Source data:
◇ ◇ ◇ ◇ ◇ ◇ ◇
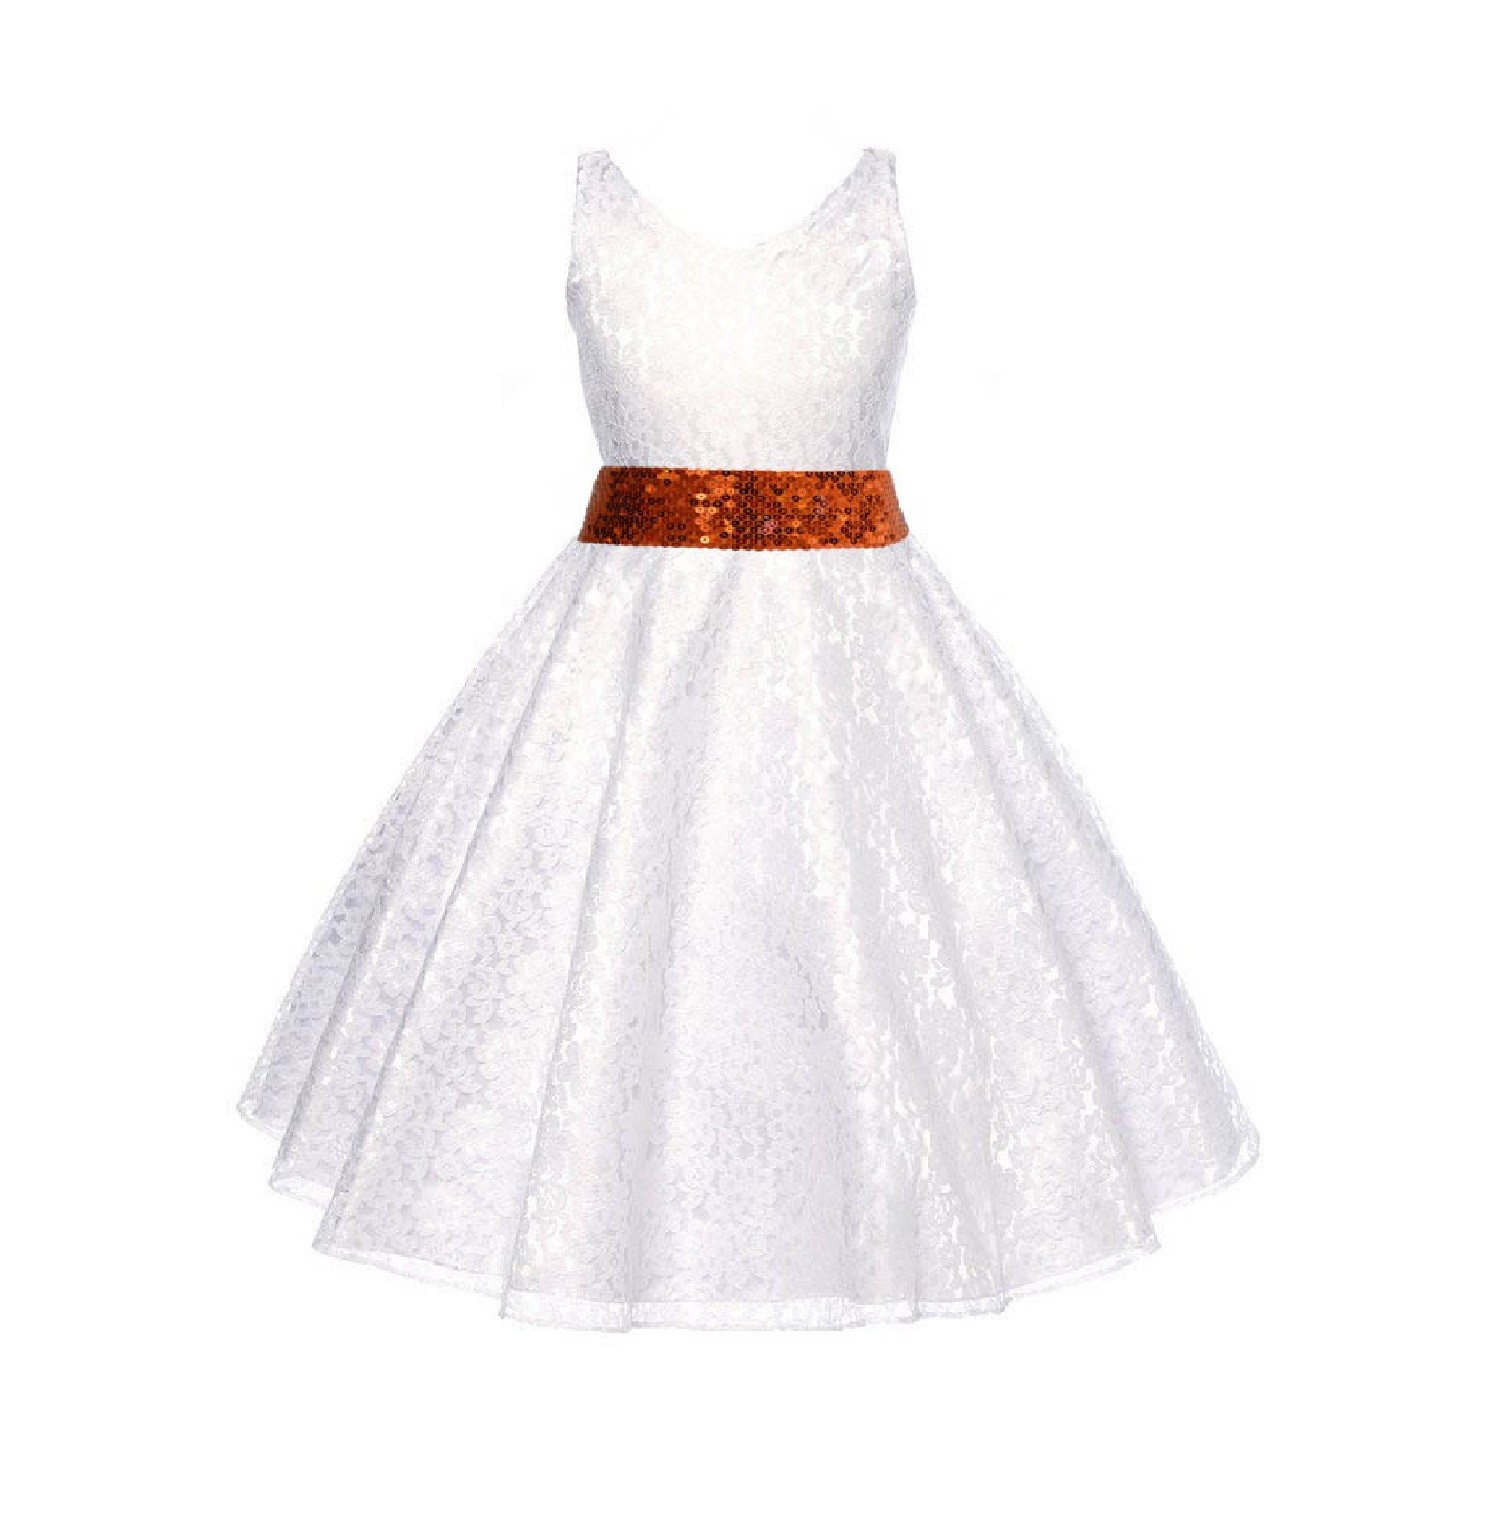 White Floral Lace Overlay V-Neck Orange Sequin Flower Girl Dress 166mh
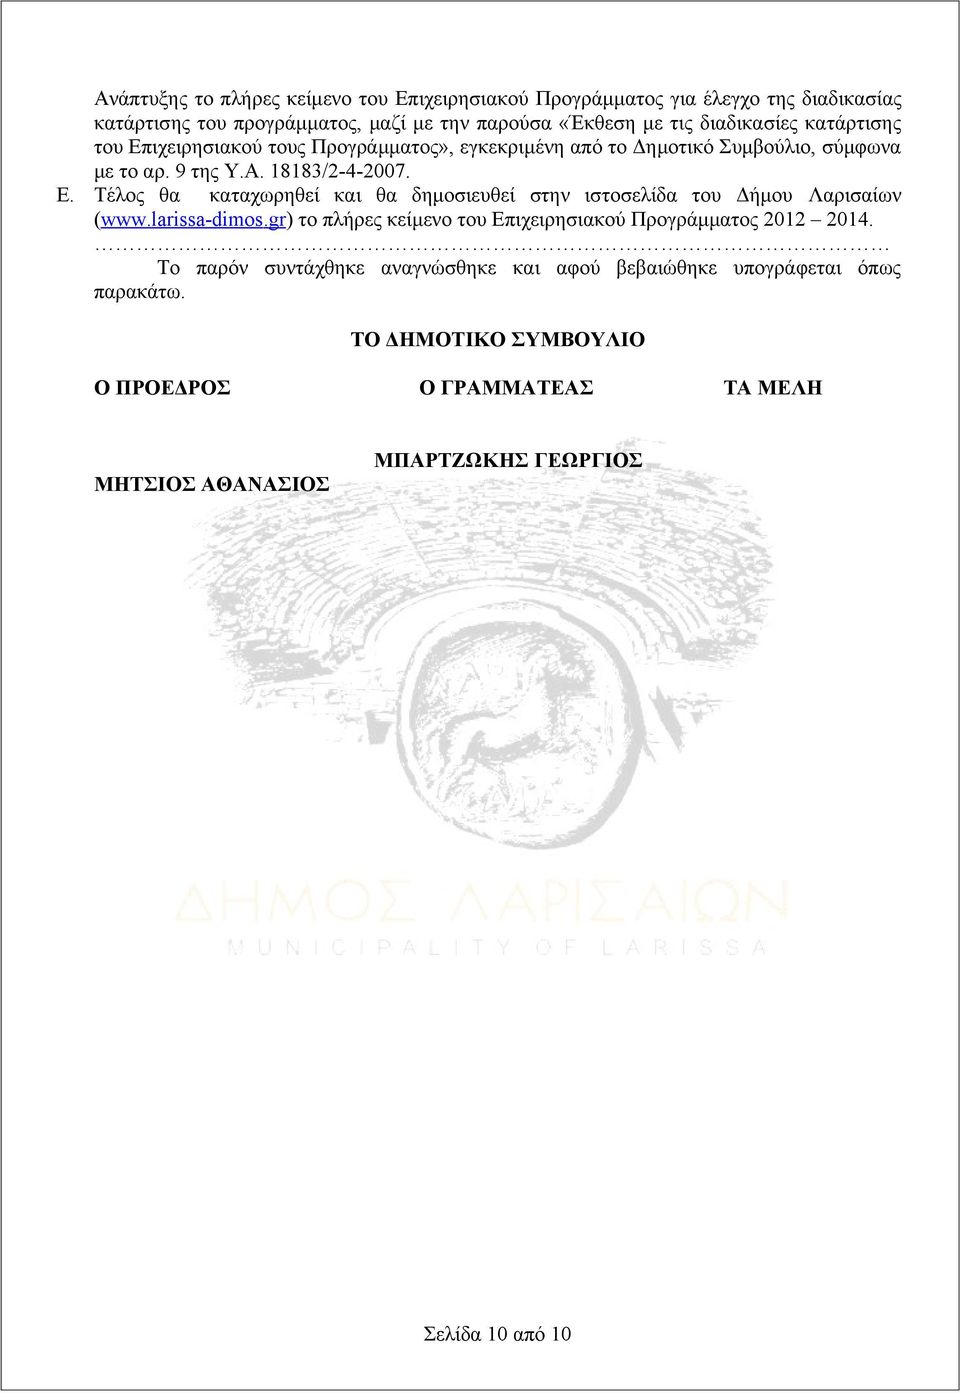 larissa-dims.gr) το πλήρες κείμενο του Επιχειρησιακού Προγράμματος 2012 2014. Το παρόν συντάχθηκε αναγνώσθηκε και αφού βεβαιώθηκε υπογράφεται όπως παρακάτω.
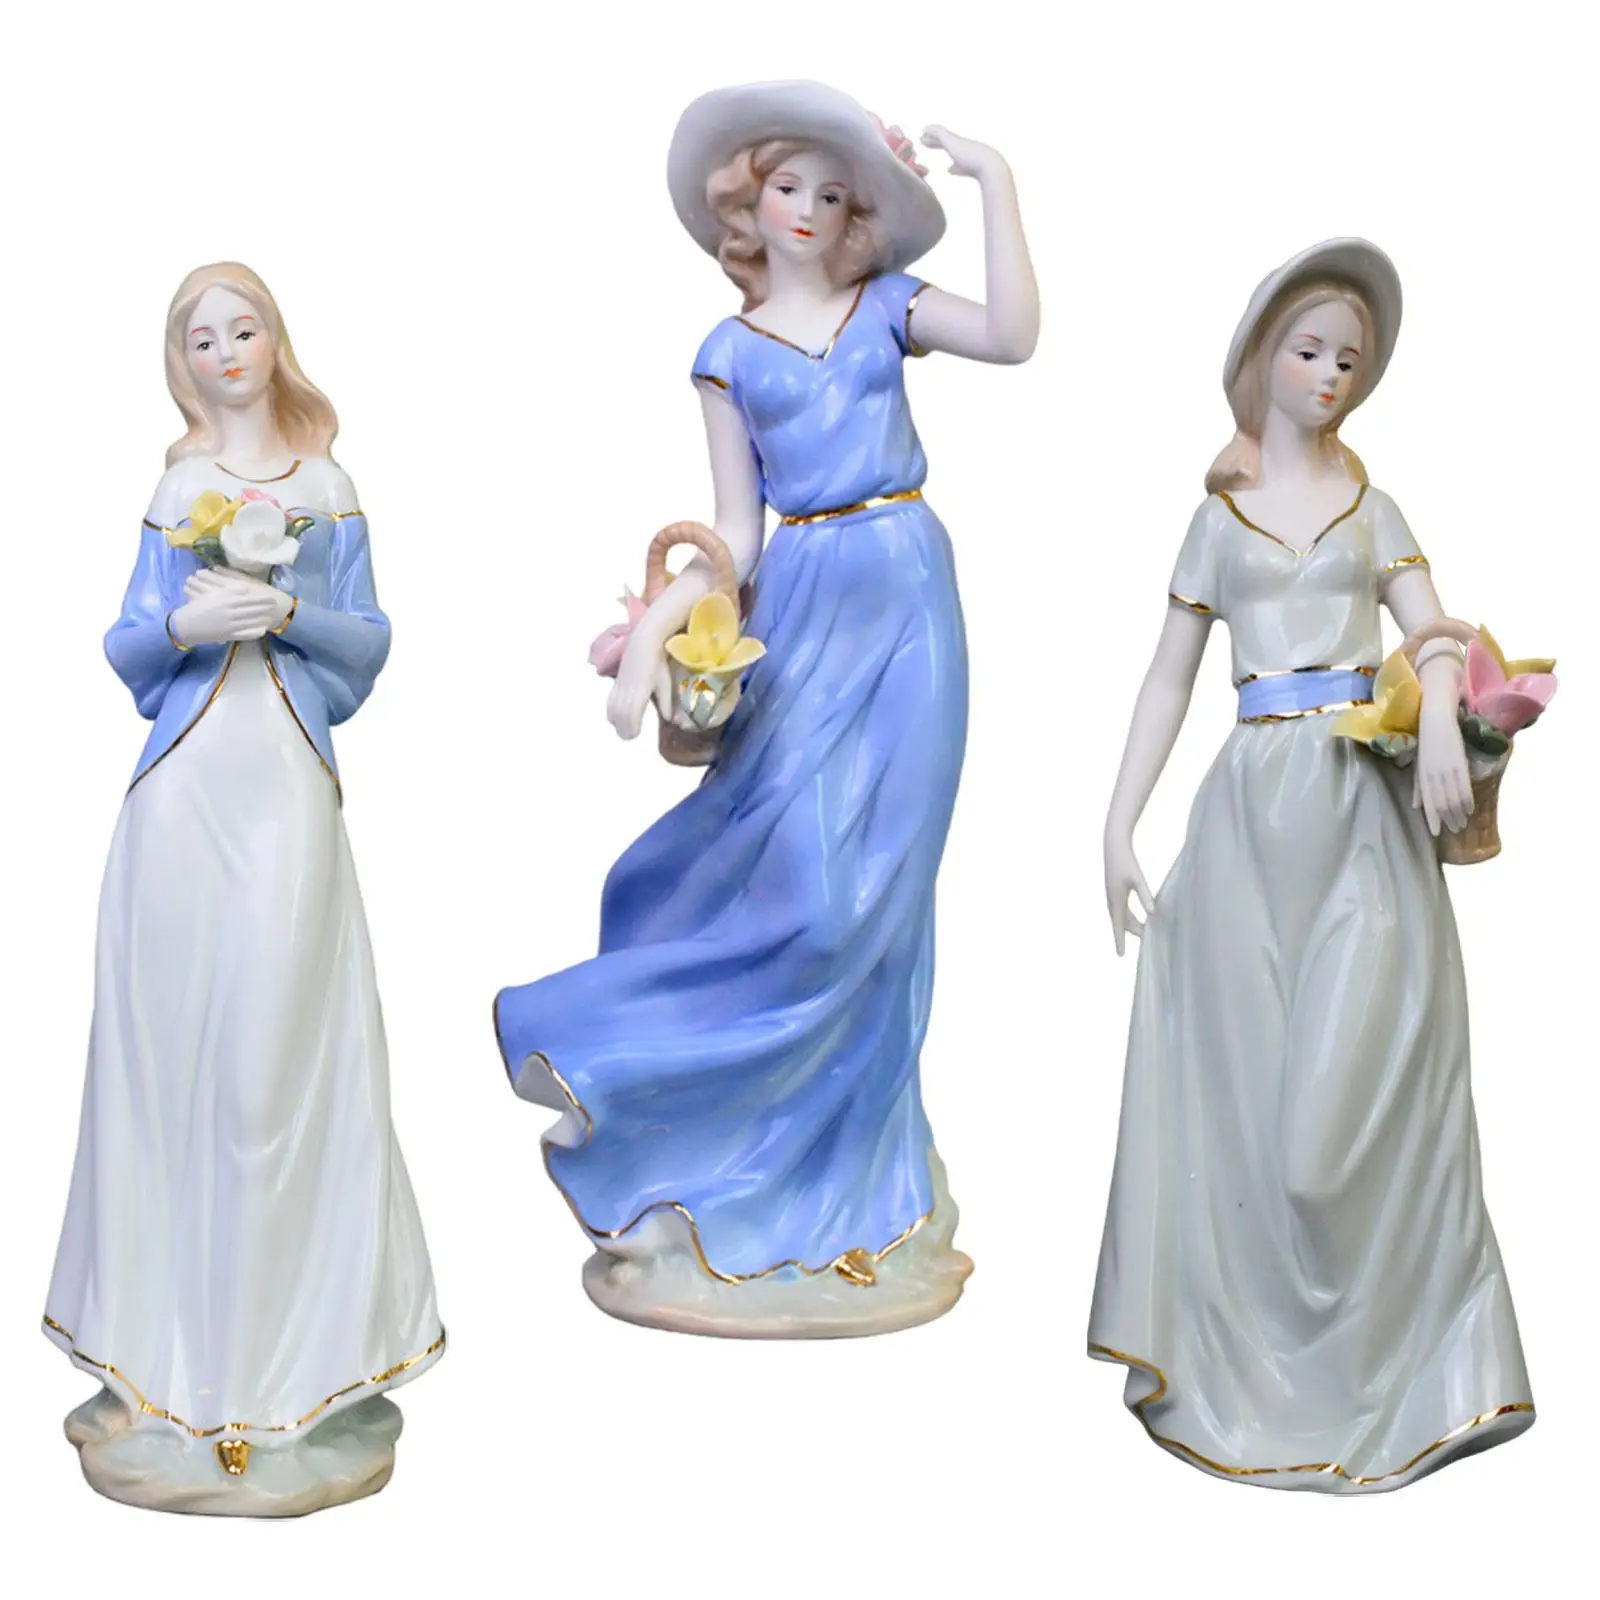 Figura de porcelana de chica, bonita figura de Arte Moderno, estatuilla decorativa de porcelana, decoración del hogar para oficina, librería de mesa
◇ ◇ ◇ ◇ ◇ ◇ ◇
Instructions for the task: Print all the lines above again exactly, without any pictures.

Output for this exercise:
 White Floral Lace Overlay V-Neck Orange Sequin Flower Girl Dress 166mh
 larissa-dims.gr) το πλήρες κείμενο του Επιχειρησιακού Προγράμματος 2012 2014. Το παρόν συντάχθηκε αναγνώσθηκε και αφού βεβαιώθηκε υπογράφεται όπως παρακάτω.
 Figura de porcelana de chica, bonita figura de Arte Moderno, estatuilla decorativa de porcelana, decoración del hogar para oficina, librería de mesa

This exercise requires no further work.